Risk Factors for Maternal Body Mass Index and Gestational Weight Gain in Twin Pregnancies
Bibliographic record
Abstract
Abstract Objective This retrospective cohort study analyzes risk factors for abnormal pre-pregnancy body mass index and abnormal gestational weight gain in twin pregnancies. Methods Data from 10 603/13 682 twin pregnancies were analyzed using uni- and multivariable logistic regression models to determine risk factors for abnormal body mass index and weight gain in pregnancy. Results Multiparity was associated with pre-existing obesity in twin pregnancies (aOR: 3.78, 95% CI: 2.71 – 5.27). Working in academic or leadership positions (aOR: 0.57, 95% CI: 0.45 – 0.72) and advanced maternal age (aOR: 0.96, 95% CI: 0.95 – 0.98) were negatively associated with maternal obesity. Advanced maternal age was associated with a lower risk for maternal underweight (aOR: 0.95, 95% CI: 0.92 – 0.99). Unexpectedly, advanced maternal age (aOR: 0.98, 95% CI: 0.96 – 0.99) and multiparity (aOR: 0.6, 95% CI: 0.41 – 0.88) were also associated with lower risks for high gestational weight gain. Pre-existing maternal underweight (aOR: 1.55, 95% CI: 1.07 – 2.24), overweight (aOR: 1.61, 95% CI: 1.39 – 1.86), obesity (aOR: 3.09, 95% CI: 2.62 – 3.65) and multiparity (aOR: 1.64, 95% CI: 1.23 – 2.18) were all associated with low weight gain.

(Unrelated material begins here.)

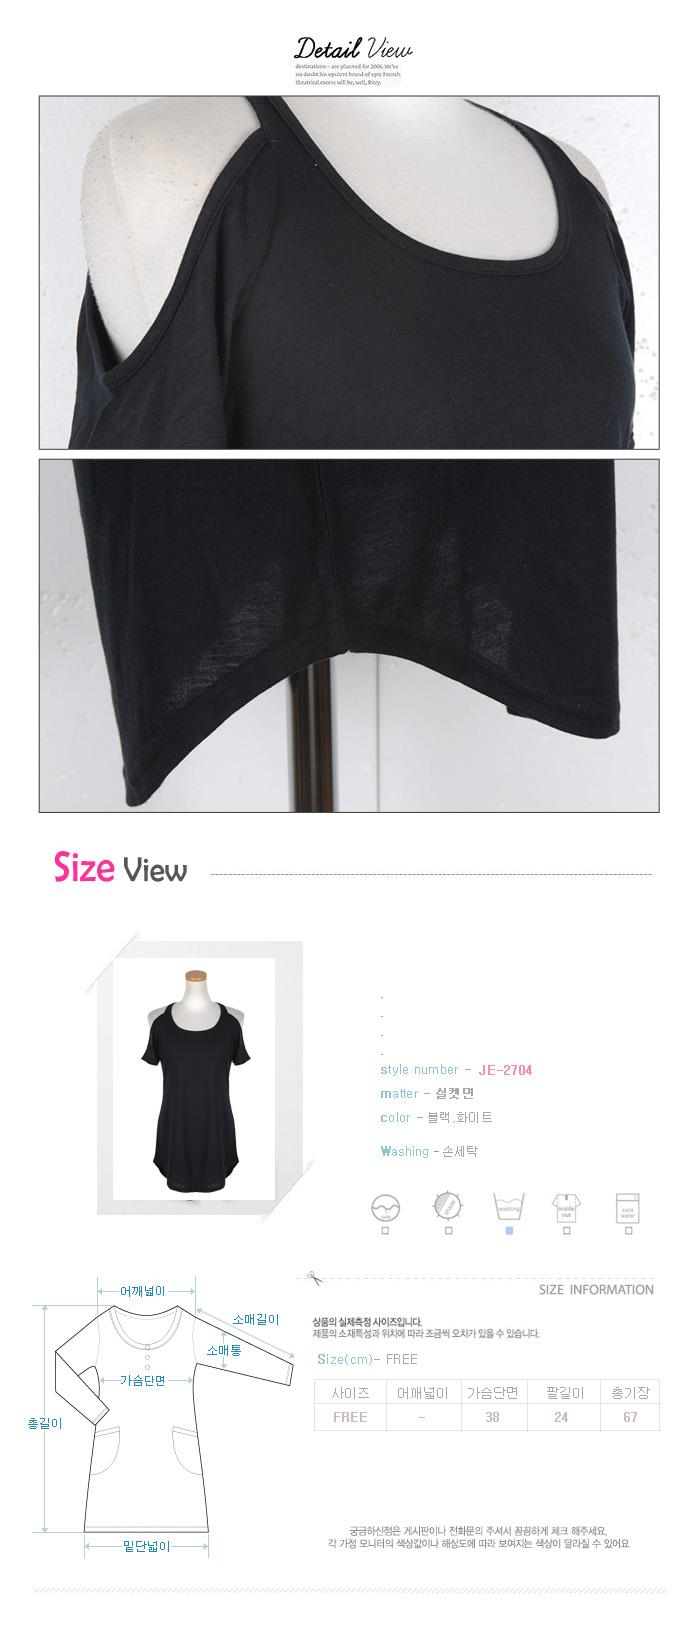 어깨컷팅 실켓 티셔츠 JE-2704 상세사진

Women working as employees (aOR: 0.85, 95% CI: 0.73 – 0.98) or in academic or leadership positions were less likely to have a low gestational weight gain (aOR: 0.77, 95% CI: 0.64 – 0.93). Conclusion Risk factors for abnormal body mass index and gestational weight gain specified for twin pregnancies are relevant to identify pregnancies with increased risks for poor maternal or neonatal outcome and to improve their counselling. Only then, targeted interventional studies in twin pregnancies which are desperately needed can be performed.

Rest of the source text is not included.